Press Club

‘The Freshman’ Launches Pop-Up in Crystal City Shops Ahead of Main Venue Opening

The Freshman is, both figuratively and literally, a little underground.

The restaurant comes from Nick Freshman, who’s also behind Spider Kelly’s in Clarendon. The Freshman is not planned to fully launch in its permanent home at 2011 Crystal Drive until 2020, but in the meantime the eatery has had a quiet “soft launch” across the street in Crystal City Shops.

The pop-up officially opened this morning (Thursday), at the north end of the shops at 2102 Crystal Plaza, in the former Au Bon Pain space

“We’re in plans and permitting across the street,” said Freshman, “but that process… it takes a long time, even opening in a place that used to be a restaurant. You plan and design and it could take a year.”

The plans to open The Freshman got pushed further back as the building underwent both interior and exterior renovations. Freshman said he had the equipment and a team ready to go but nowhere to set them up.

Their main location and the former Au Bon Pain are both owned by JBG Smith, so when Freshman approached the company about the idea of opening a pop-up in the empty space, the property owner was on board.

The pop-up does not offer The Freshman’s full menu. Freshman estimated it was about 40 percent of what’s to come, with dinner and cocktails planned for the main site, but the pop-up currently serves up coffee and breakfast and lunch options that Freshman said the area seemed in desperate need of.

“There’s no point in doing it if we don’t do it well,” Freshman said. “The challenge is worth it because the community is dying for a viable alternative to [existing] breakfast and lunch options.”

The breakfast and lunch offerings include a tofu scramble with vegan cheese, plus sandwiches or salads for lunch.
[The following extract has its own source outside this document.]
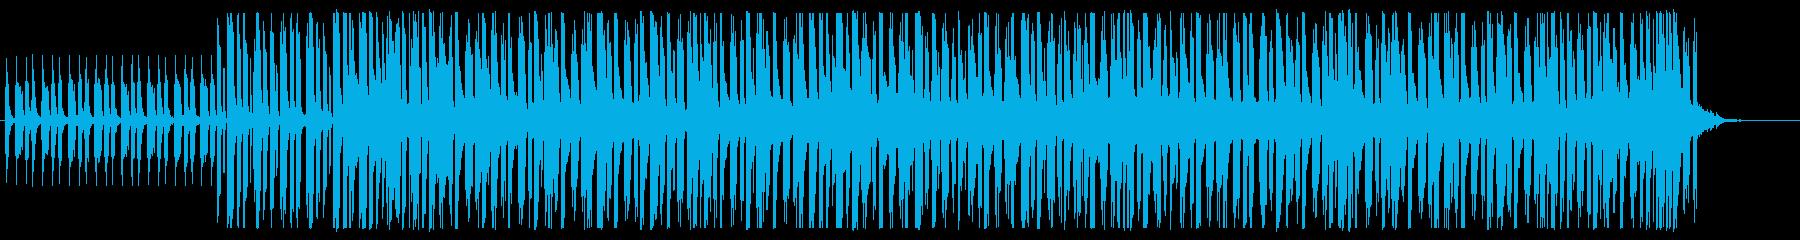 不思議な雰囲気のエレクトロニックの再生済みの波形

Prices range from $6 for an egg and cheese sandwich to $14 for a Reuben sandwich.

An unofficial “soft opening ” for the restaurant started on Monday, the same day that Arlington was hit with heavy storms from which the county is still struggling to recover.

“We’re underground, so for a while it looked like we might be underwater, but we stayed totally dry,” Freshman said. “We saw more of a surge [of customers] than expected. But even in dry weather, people use this corridor. If you don’t work or live here, you don’t know about it, but if you do it’s a critical part of your movement.”

Currently, Freshman says the pop-up is planned to stay open through the end of the year, but the stay is largely dependent on how fast or slow progress is across the street.

“Right now, we’re meeting people and listening,” Freshman said. “Every night, we’ve been making tweaks to the menu, but that’s normal opening stuff.”